[Material provided Boundary: Start]

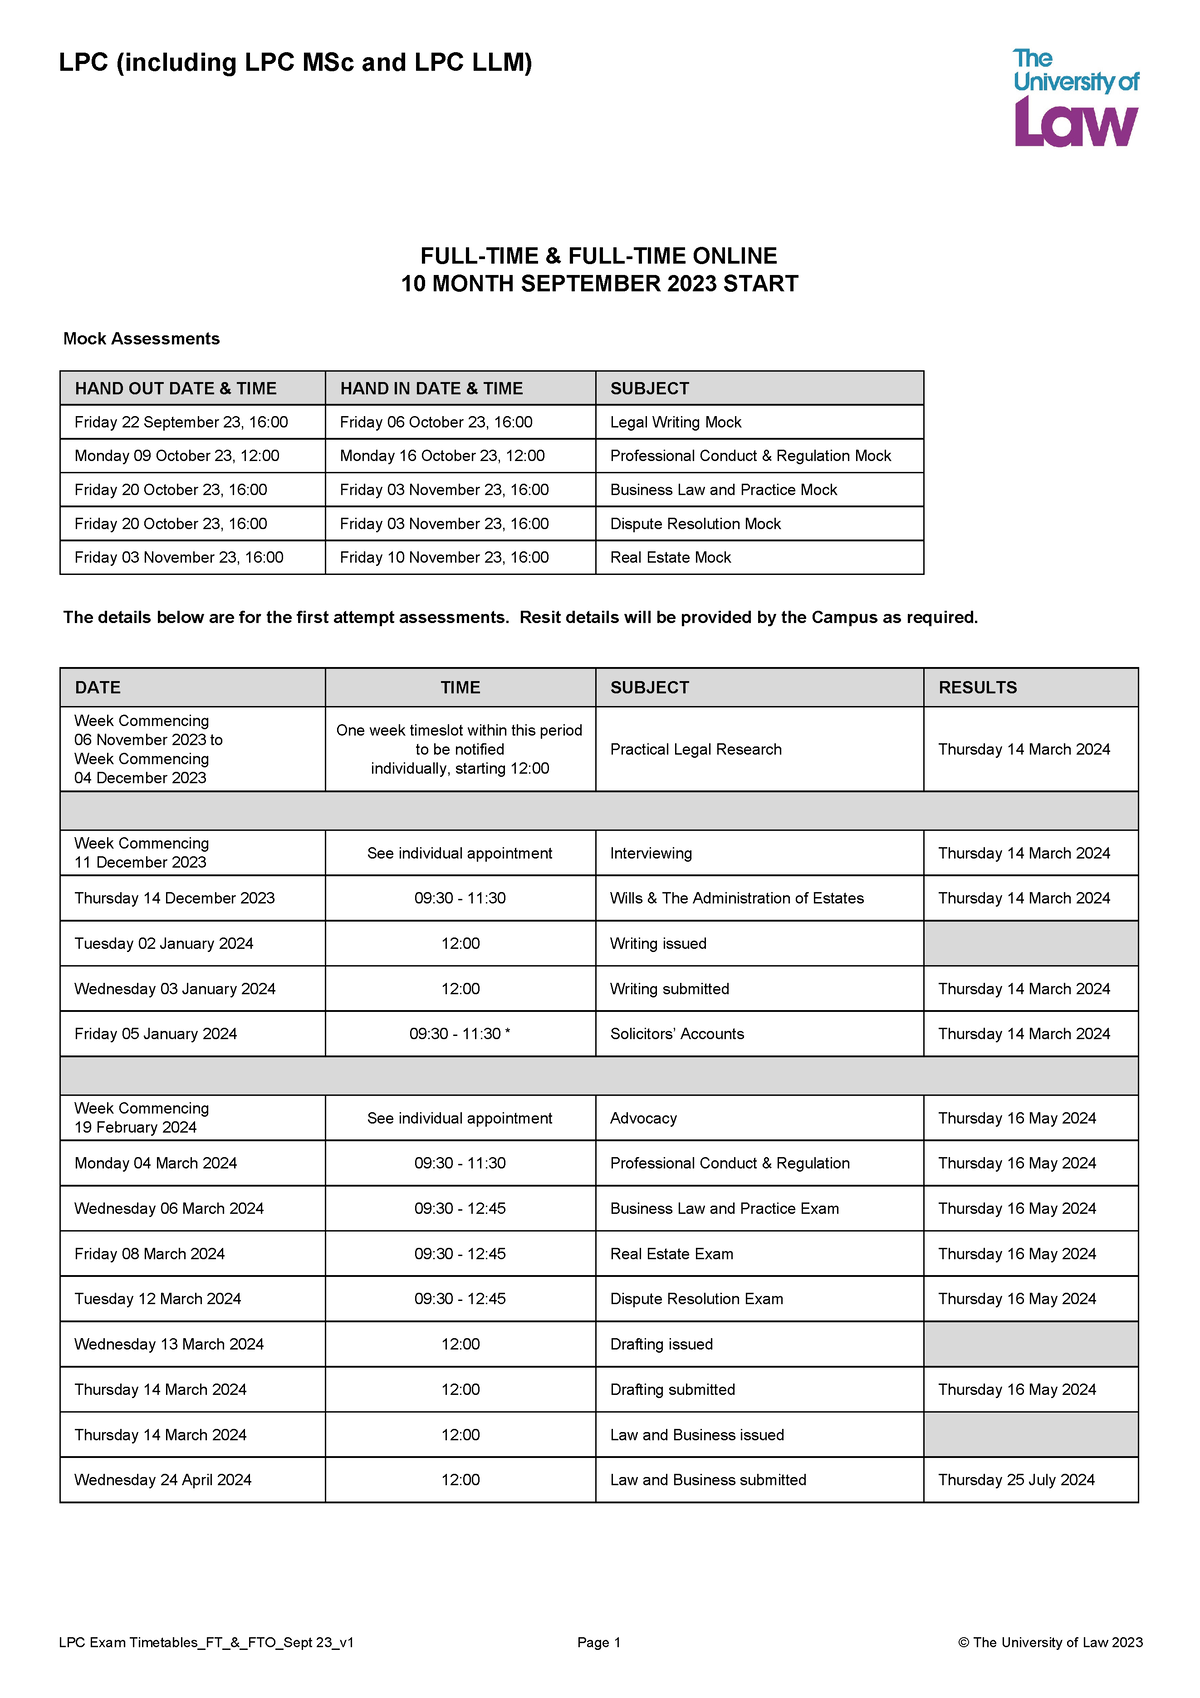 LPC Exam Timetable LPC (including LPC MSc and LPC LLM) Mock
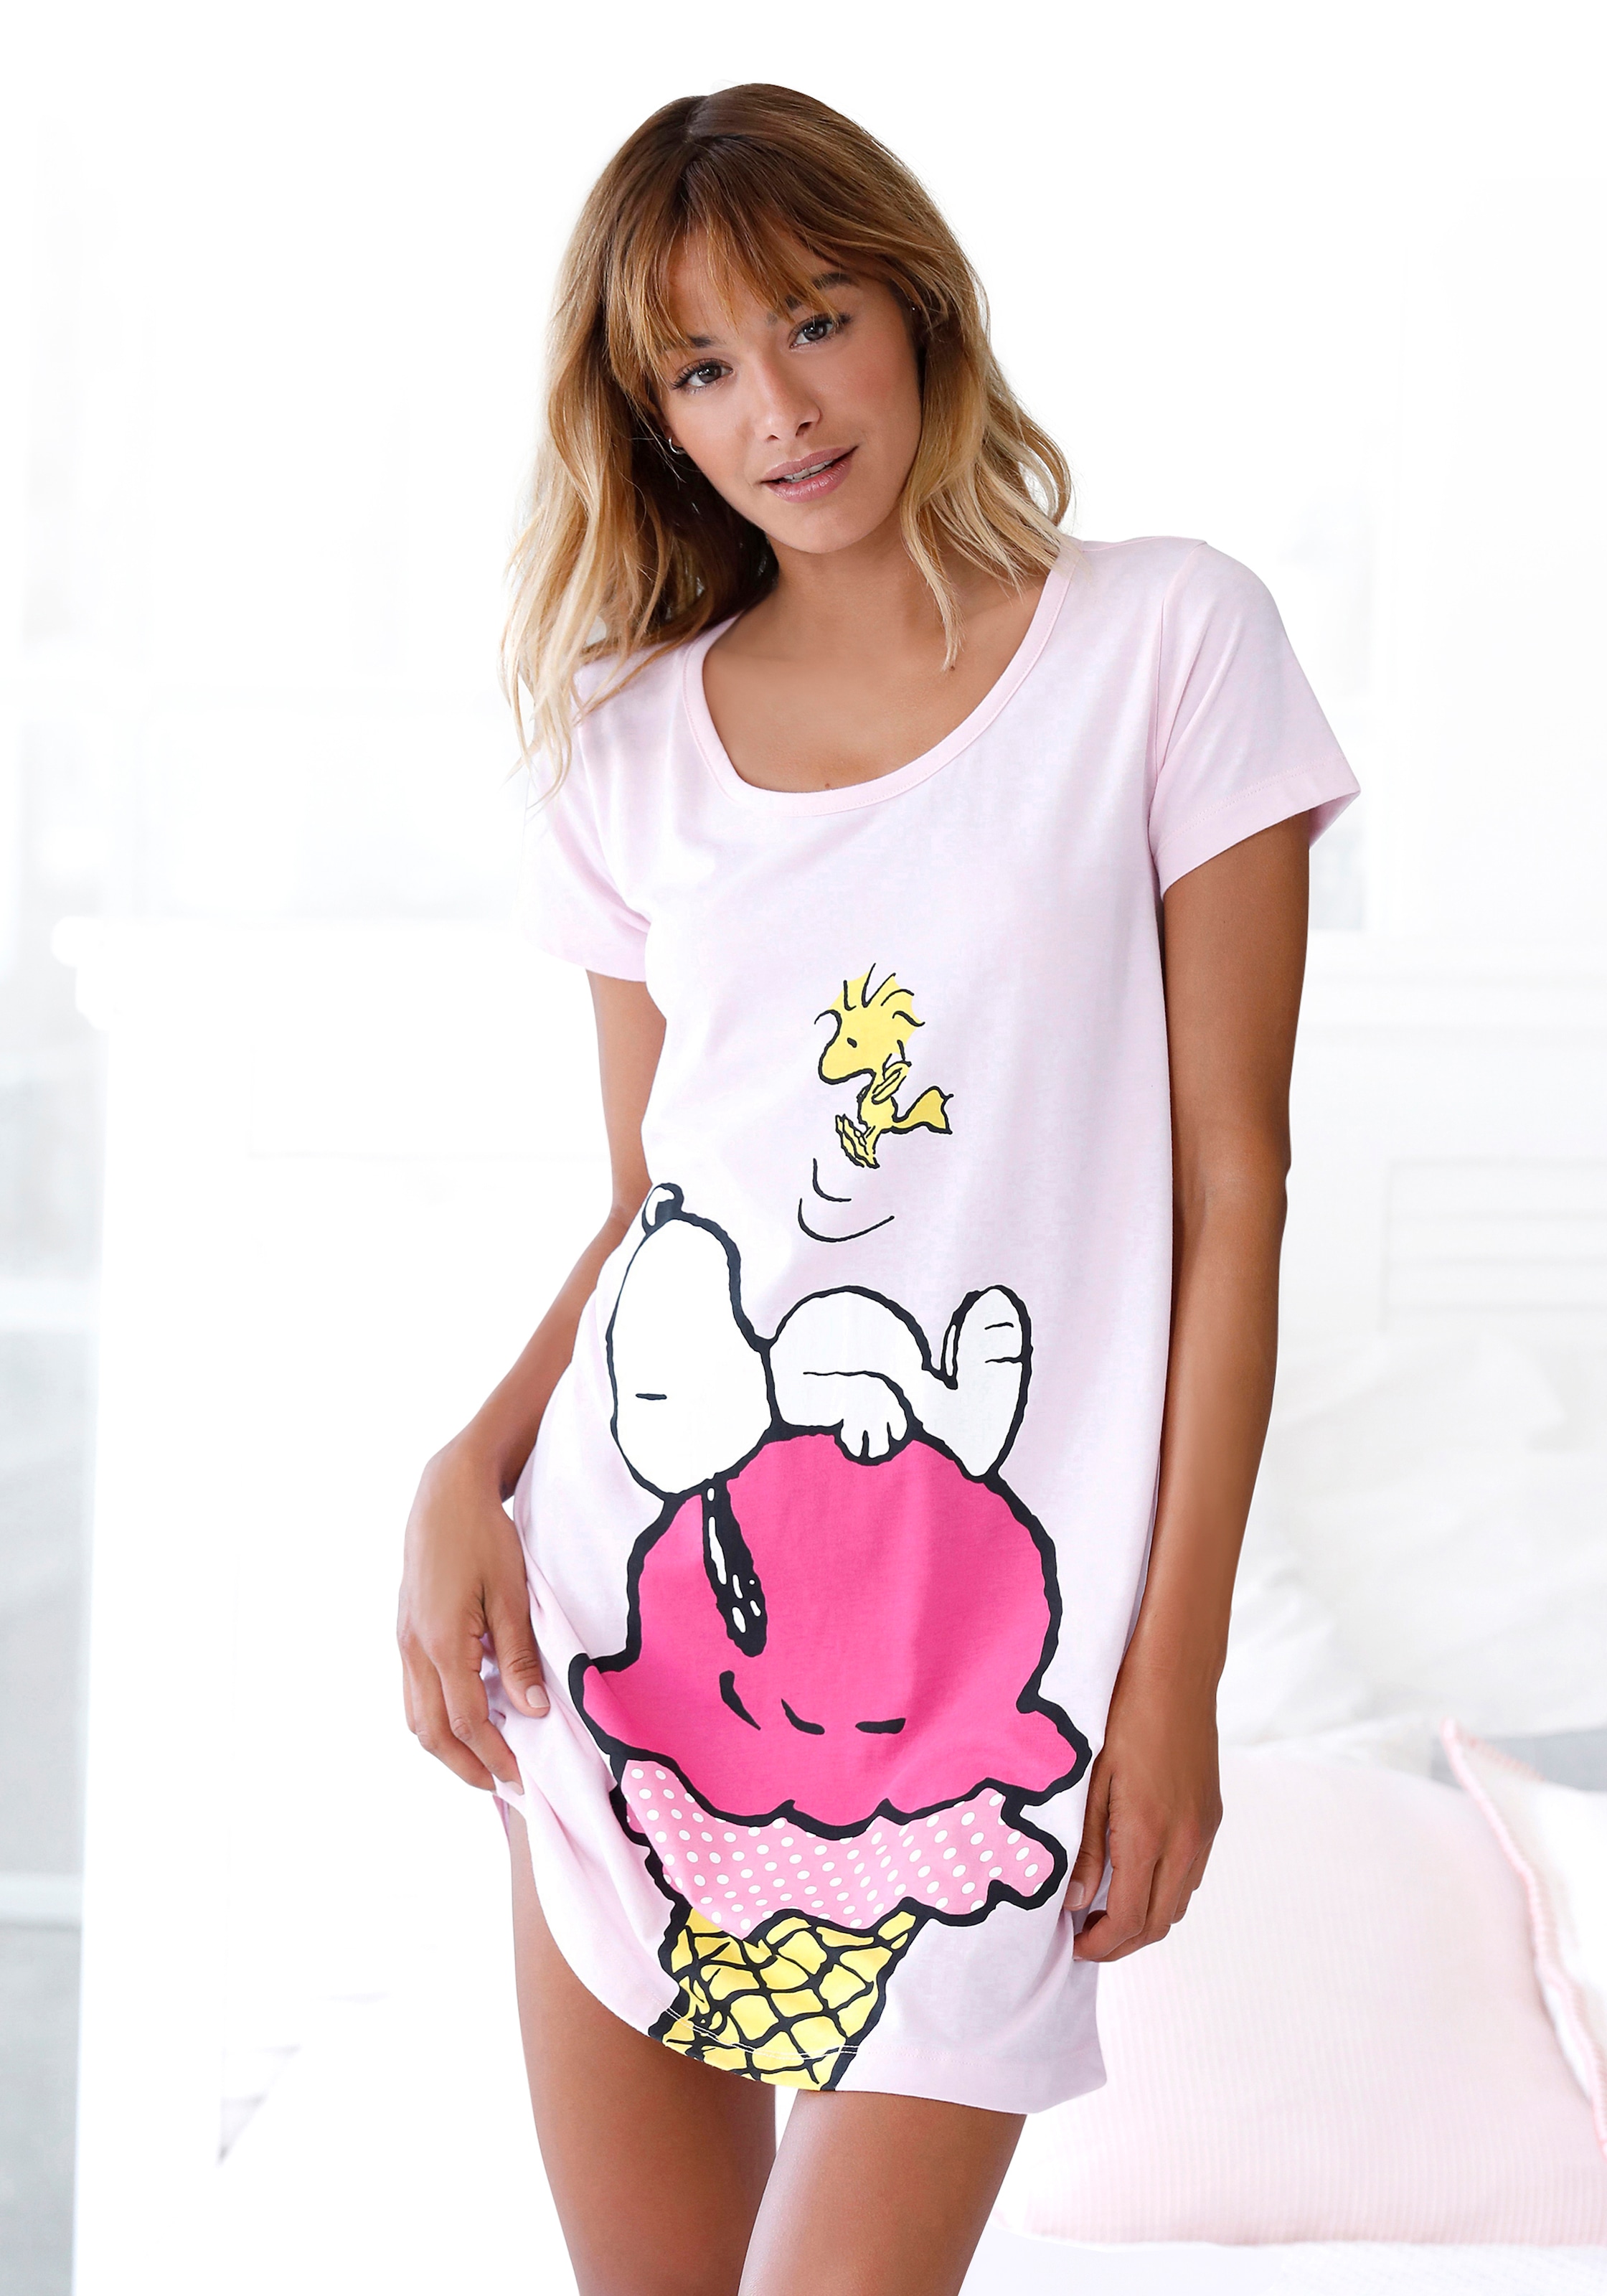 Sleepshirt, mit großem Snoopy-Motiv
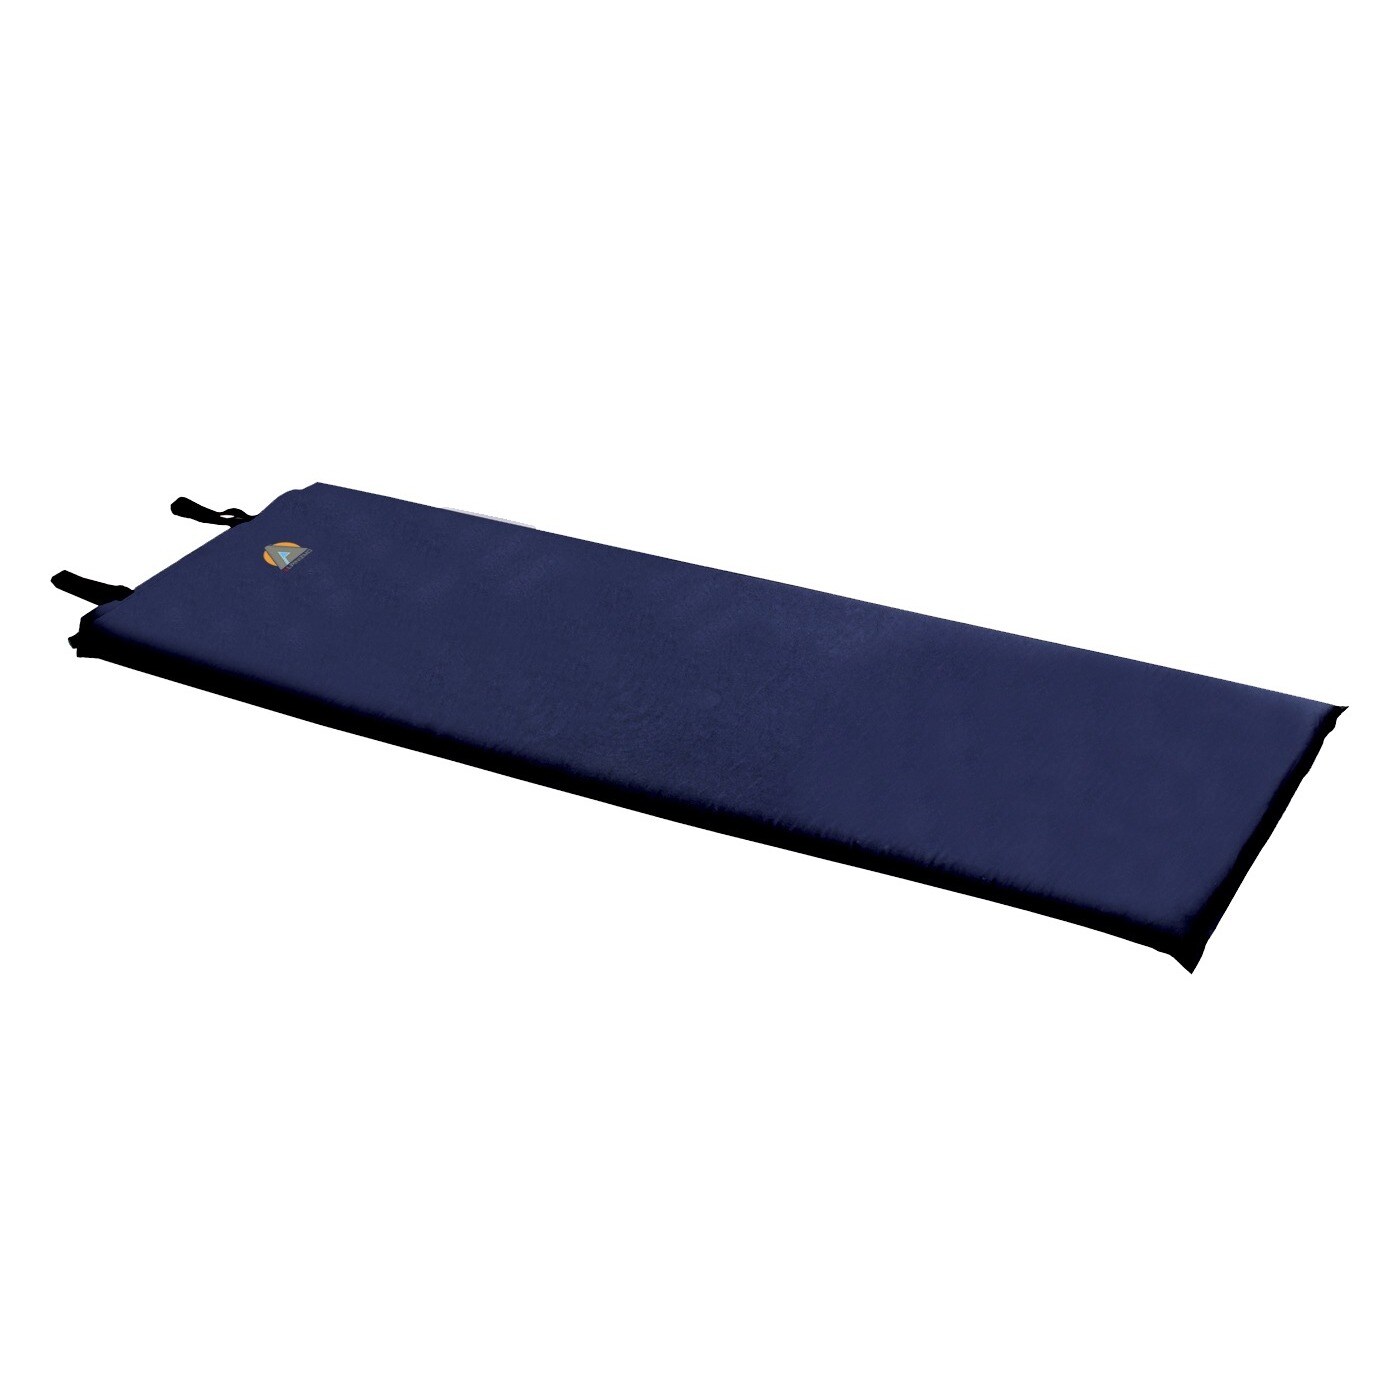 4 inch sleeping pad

[Material provided Boundary: End]

## Activity
Where the material above includes pictures, omit them and retype everything else exactly.

## Exercise response
 LPC Exam Timetable LPC (including LPC MSc and LPC LLM) Mock
 Sleepshirt, mit großem Snoopy-Motiv
 4 inch sleeping pad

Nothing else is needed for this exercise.